When Phhhoto declined, Facebook made a second proposal offering to incorporate it into Facebook’s News Feed, which would garner a much larger audience. The second offer interested Phhhoto executives but Facebook never moved forward with it, the lawsuit says.
Instead, Facebook started a competing product that incorporated many of Phhhoto’s features. It also blocked Phhhoto’s users from posting on Instagram.
“The injurious intent and effect of these actions was not known to, and indeed concealed from, Phhhoto at the time,” the lawsuit alleges. “The anticompetitive campaign culminated in a change in the way that Instagram displayed content in its own users’ feeds which had the intent and effect of suppressing Phhhoto content. Instagram affirmatively concealed the nature of its change and even published misleading statements about the change.”

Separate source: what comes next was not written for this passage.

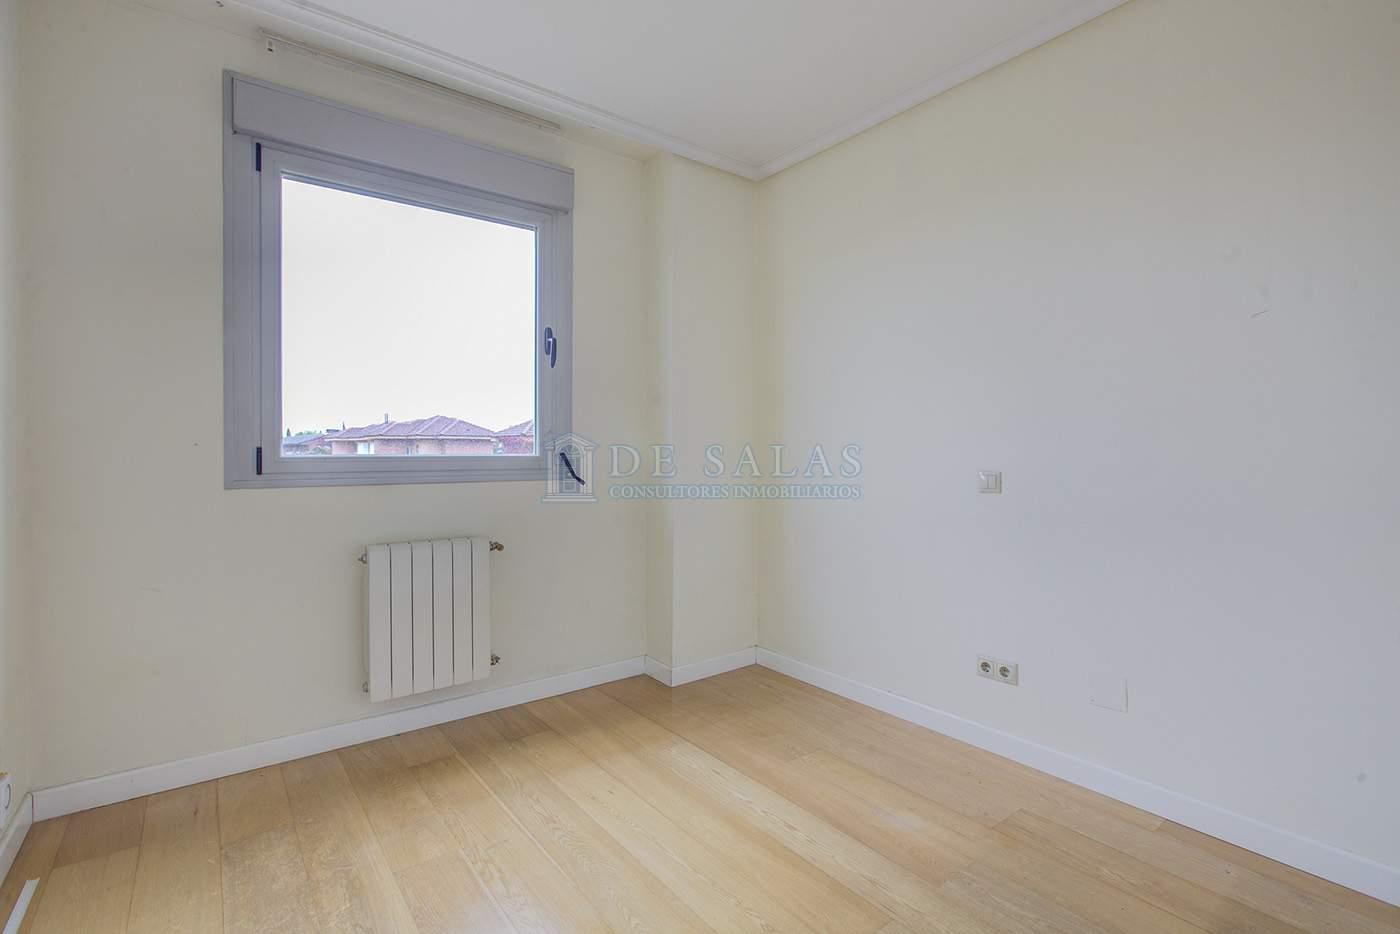 Dormitorio-IMG_7138_39_40 copia
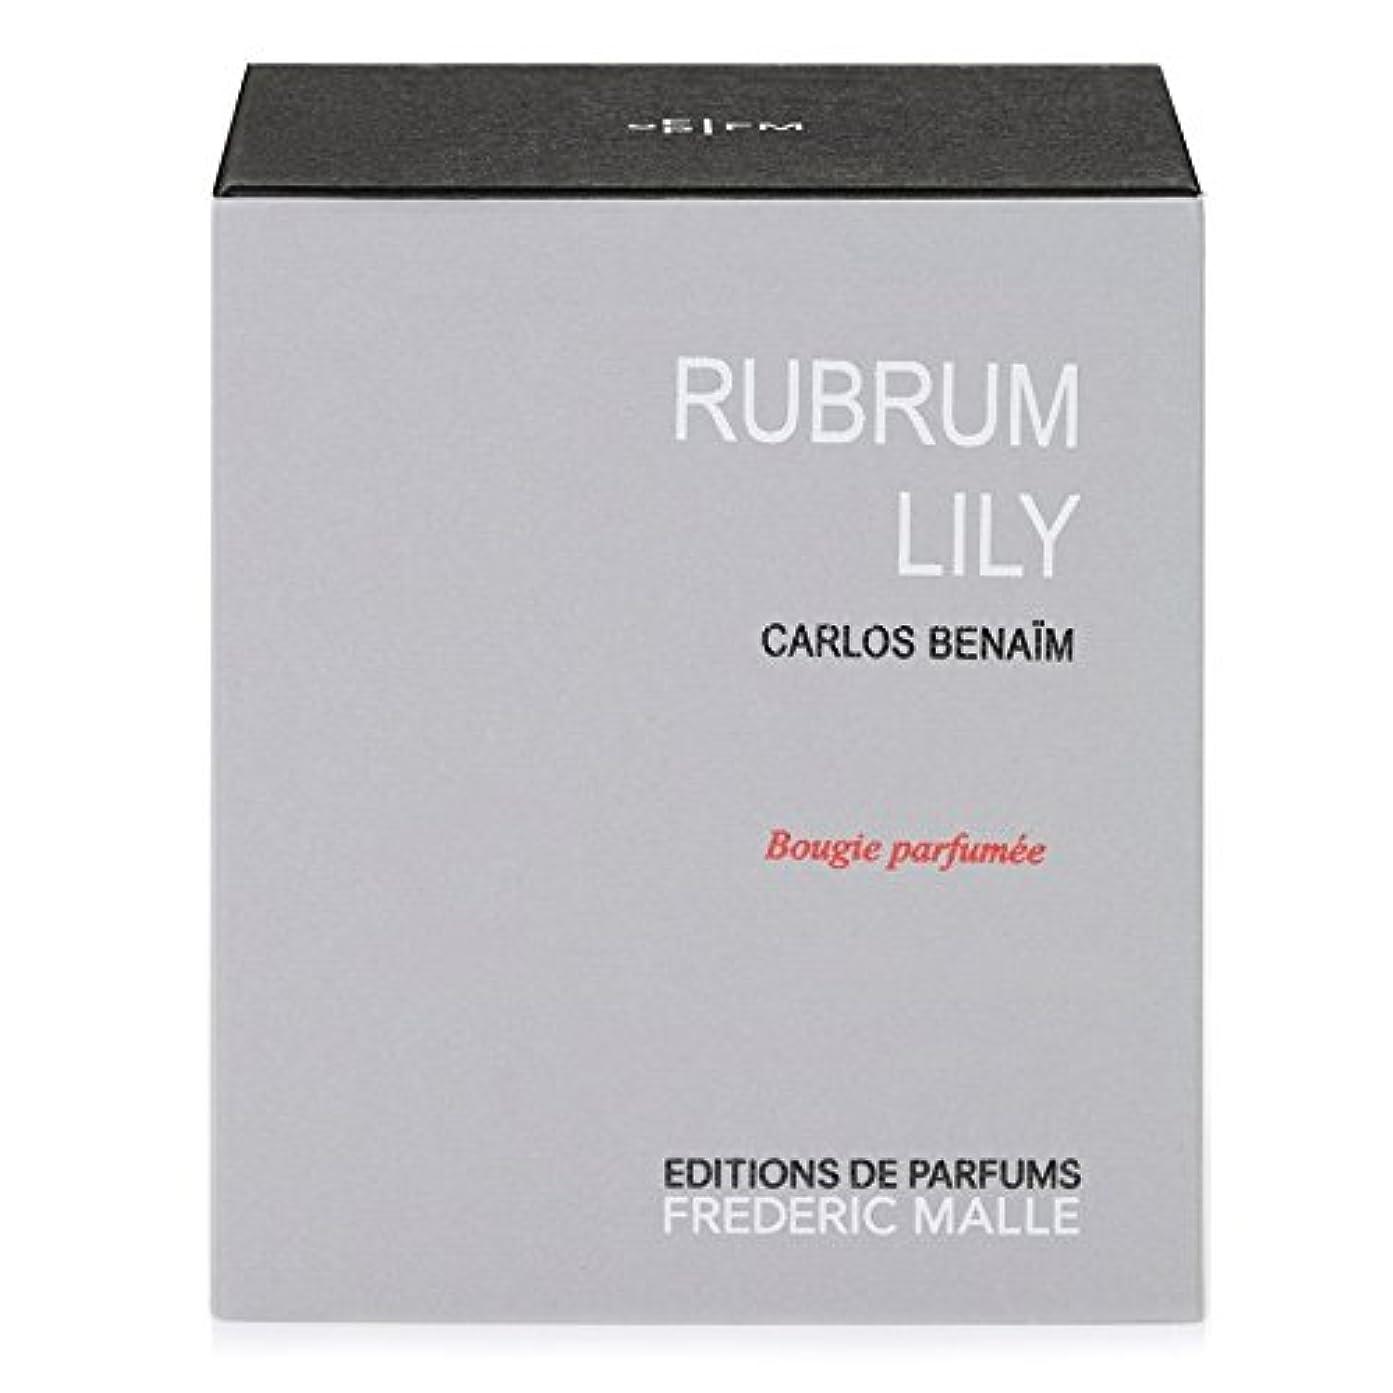 スイ噴水攻撃的Frederic Malle Rubrum Lily Scented Candle (Pack of 4) - フレデリック?マルルブルムユリの香りのキャンドル x4 [並行輸入品]

Phhhoto was forced to close down in June 2017. Facebook officials so far have declined to comment on the lawsuit.
Only after they were forced out of business did Phhhoto officials realize the “anti-competitive” strategy used by Facebook against competitors, the lawsuit says.
Similar allegations are made in other pending lawsuits and recent statements to federal regulators. The lawsuits were filed by competitors and state attorneys general.
An amended complaint the Federal Trade Commission filed in August says Facebook “has the power to control prices or exclude competition; significantly reduce the quality of its offering to users without losing a significant number of users or a meaningful amount of user engagement; and exclude competition by driving actual or potential competitors out of business.”
Complaints about Facebook compelled members of Congress during a hearing last month to threaten a regulatory clampdown on the company.
The Phhhoto lawsuit is PHHHOTO Inc. v. Meta Platforms, Inc. et al., case number 1:21-cv-06159, in the U.S. District Court for the Eastern District of New York.